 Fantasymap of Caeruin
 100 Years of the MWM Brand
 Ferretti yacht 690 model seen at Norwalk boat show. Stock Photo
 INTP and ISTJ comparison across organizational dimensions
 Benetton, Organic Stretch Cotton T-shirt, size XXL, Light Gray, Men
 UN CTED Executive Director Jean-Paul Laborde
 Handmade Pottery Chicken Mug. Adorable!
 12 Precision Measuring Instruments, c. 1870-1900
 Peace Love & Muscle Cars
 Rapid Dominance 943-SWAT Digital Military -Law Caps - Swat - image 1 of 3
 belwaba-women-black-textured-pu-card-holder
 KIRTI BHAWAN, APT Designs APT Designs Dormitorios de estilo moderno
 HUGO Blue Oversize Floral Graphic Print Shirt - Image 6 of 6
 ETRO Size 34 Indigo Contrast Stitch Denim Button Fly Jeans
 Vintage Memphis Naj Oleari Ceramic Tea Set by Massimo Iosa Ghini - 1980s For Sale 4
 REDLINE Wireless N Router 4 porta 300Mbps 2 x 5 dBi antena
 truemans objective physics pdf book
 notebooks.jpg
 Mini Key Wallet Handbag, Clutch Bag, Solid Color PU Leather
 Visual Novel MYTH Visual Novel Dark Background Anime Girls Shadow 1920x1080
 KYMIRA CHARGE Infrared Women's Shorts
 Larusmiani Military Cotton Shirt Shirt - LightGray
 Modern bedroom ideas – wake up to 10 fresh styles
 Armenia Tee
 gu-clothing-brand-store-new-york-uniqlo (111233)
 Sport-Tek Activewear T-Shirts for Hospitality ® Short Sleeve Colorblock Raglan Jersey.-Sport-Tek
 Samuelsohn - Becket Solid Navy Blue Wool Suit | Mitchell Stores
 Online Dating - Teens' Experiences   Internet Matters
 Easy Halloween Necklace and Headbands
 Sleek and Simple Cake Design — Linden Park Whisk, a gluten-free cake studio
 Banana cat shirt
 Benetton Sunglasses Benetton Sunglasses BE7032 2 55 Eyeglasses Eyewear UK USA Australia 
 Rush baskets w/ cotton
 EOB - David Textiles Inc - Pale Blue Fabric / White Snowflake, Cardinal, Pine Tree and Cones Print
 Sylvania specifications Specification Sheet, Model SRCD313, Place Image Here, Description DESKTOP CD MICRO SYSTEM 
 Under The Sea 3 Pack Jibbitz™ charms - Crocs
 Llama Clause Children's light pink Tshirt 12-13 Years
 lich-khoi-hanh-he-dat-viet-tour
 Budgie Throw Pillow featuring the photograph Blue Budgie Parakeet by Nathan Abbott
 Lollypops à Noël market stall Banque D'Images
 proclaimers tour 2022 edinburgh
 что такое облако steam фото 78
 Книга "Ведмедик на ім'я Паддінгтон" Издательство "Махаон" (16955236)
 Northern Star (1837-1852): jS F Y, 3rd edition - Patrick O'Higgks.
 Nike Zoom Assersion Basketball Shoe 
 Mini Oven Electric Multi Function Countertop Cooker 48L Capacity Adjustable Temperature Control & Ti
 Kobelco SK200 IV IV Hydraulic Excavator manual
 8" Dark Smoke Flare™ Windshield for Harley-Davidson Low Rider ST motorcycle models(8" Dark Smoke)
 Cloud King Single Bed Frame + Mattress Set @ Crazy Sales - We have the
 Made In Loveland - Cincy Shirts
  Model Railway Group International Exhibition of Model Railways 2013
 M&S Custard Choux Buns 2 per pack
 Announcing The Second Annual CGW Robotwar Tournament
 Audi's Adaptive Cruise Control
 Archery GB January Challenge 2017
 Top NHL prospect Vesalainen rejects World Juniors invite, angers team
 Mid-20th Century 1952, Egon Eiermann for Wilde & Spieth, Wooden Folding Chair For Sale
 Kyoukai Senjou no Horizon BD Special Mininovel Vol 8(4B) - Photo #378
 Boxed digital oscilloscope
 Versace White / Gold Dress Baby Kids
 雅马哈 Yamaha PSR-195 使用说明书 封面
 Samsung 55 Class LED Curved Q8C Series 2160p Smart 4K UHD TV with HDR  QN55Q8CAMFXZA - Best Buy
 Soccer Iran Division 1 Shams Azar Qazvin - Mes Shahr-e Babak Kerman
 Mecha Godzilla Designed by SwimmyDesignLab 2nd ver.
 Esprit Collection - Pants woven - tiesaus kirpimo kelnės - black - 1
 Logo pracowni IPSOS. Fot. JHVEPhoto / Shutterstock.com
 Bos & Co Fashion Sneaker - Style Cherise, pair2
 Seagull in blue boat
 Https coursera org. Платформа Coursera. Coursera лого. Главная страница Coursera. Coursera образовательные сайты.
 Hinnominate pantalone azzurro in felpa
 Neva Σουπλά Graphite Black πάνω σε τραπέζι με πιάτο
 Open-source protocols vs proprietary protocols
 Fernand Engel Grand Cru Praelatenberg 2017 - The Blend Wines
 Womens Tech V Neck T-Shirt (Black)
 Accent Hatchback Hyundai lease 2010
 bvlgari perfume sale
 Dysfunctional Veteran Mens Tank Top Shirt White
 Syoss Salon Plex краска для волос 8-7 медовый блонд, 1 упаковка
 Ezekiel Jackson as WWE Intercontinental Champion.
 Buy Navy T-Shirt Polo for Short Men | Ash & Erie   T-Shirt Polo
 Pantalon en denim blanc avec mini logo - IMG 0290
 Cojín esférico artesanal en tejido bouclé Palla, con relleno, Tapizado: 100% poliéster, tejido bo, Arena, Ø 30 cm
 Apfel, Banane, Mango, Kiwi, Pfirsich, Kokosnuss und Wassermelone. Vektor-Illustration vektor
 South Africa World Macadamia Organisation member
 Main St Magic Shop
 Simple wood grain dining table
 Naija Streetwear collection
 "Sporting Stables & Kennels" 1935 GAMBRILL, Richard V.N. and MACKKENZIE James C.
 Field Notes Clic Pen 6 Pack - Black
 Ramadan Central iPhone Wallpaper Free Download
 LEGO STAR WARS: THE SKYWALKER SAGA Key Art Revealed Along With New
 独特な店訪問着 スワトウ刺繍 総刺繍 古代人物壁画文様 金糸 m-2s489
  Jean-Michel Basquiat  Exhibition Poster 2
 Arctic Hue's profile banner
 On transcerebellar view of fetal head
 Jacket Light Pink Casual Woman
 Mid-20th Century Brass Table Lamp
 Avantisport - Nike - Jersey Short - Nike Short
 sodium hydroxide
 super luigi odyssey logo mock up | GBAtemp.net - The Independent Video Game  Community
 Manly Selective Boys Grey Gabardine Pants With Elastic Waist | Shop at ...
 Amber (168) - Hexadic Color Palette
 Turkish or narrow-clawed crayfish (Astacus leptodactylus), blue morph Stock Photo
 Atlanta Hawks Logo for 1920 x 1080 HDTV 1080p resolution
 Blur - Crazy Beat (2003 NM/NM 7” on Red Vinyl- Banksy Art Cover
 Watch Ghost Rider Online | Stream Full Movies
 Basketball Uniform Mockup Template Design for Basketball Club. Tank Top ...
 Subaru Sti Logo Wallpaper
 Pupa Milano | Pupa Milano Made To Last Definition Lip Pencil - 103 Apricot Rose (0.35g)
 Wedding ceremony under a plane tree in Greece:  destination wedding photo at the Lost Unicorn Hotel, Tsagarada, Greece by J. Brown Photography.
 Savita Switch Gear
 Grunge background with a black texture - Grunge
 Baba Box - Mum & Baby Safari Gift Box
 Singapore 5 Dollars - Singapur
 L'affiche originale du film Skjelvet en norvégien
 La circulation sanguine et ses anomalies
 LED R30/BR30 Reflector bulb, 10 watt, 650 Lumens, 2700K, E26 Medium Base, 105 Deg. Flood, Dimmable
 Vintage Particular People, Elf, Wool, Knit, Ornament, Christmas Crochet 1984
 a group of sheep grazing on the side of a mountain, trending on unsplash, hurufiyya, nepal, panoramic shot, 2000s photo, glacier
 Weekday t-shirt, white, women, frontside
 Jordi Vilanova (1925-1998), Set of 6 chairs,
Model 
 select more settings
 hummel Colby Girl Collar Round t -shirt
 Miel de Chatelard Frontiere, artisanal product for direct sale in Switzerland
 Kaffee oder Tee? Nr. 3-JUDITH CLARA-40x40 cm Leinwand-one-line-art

------------------------------------------------------------

Task item: For the listing above, state how many lines hold the string "Pants", giving the number alone.

Task solution: 2